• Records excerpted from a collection

▬▬▬

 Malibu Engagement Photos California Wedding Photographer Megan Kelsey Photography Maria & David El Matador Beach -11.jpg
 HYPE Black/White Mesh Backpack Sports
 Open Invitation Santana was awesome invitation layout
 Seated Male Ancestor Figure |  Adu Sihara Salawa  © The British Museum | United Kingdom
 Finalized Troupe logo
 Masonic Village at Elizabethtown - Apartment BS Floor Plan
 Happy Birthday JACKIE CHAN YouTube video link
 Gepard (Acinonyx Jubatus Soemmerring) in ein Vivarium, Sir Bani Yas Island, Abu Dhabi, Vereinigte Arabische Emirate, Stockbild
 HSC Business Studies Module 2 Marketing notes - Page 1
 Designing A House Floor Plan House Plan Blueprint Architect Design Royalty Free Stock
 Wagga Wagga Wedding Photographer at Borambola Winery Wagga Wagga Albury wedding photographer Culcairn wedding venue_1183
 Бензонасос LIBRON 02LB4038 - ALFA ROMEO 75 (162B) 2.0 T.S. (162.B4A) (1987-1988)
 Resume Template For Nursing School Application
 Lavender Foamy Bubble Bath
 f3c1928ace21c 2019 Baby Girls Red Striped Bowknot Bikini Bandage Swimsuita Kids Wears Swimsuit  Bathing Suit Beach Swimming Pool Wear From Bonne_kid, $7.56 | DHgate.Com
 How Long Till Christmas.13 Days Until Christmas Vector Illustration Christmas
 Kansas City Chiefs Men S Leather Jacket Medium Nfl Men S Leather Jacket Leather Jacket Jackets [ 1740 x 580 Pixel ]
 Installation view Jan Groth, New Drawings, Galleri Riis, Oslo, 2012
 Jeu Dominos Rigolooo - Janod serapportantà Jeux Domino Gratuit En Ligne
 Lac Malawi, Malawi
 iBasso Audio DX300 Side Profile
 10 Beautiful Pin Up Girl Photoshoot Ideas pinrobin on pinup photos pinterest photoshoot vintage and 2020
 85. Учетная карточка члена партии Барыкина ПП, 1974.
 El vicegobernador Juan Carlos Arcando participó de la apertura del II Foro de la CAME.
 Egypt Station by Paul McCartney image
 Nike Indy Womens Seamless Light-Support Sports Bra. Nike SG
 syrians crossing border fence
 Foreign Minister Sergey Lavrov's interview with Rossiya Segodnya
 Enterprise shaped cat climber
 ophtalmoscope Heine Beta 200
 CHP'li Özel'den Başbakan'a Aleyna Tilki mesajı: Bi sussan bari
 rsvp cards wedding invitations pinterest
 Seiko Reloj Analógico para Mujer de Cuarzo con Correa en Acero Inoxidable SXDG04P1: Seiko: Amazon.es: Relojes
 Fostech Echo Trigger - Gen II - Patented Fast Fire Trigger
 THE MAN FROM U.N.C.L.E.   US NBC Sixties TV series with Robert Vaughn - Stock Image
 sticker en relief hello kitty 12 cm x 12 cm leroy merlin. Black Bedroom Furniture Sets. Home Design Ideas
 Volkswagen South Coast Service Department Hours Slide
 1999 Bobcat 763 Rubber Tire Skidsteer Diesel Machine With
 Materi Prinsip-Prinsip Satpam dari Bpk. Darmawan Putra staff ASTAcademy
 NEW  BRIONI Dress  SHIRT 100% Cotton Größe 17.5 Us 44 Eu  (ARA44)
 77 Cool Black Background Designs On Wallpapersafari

▬▬▬

• Your goal
Read through the data above. Report each line that has the word "pinterest".

• Completed task
 10 Beautiful Pin Up Girl Photoshoot Ideas pinrobin on pinup photos pinterest photoshoot vintage and 2020
 rsvp cards wedding invitations pinterest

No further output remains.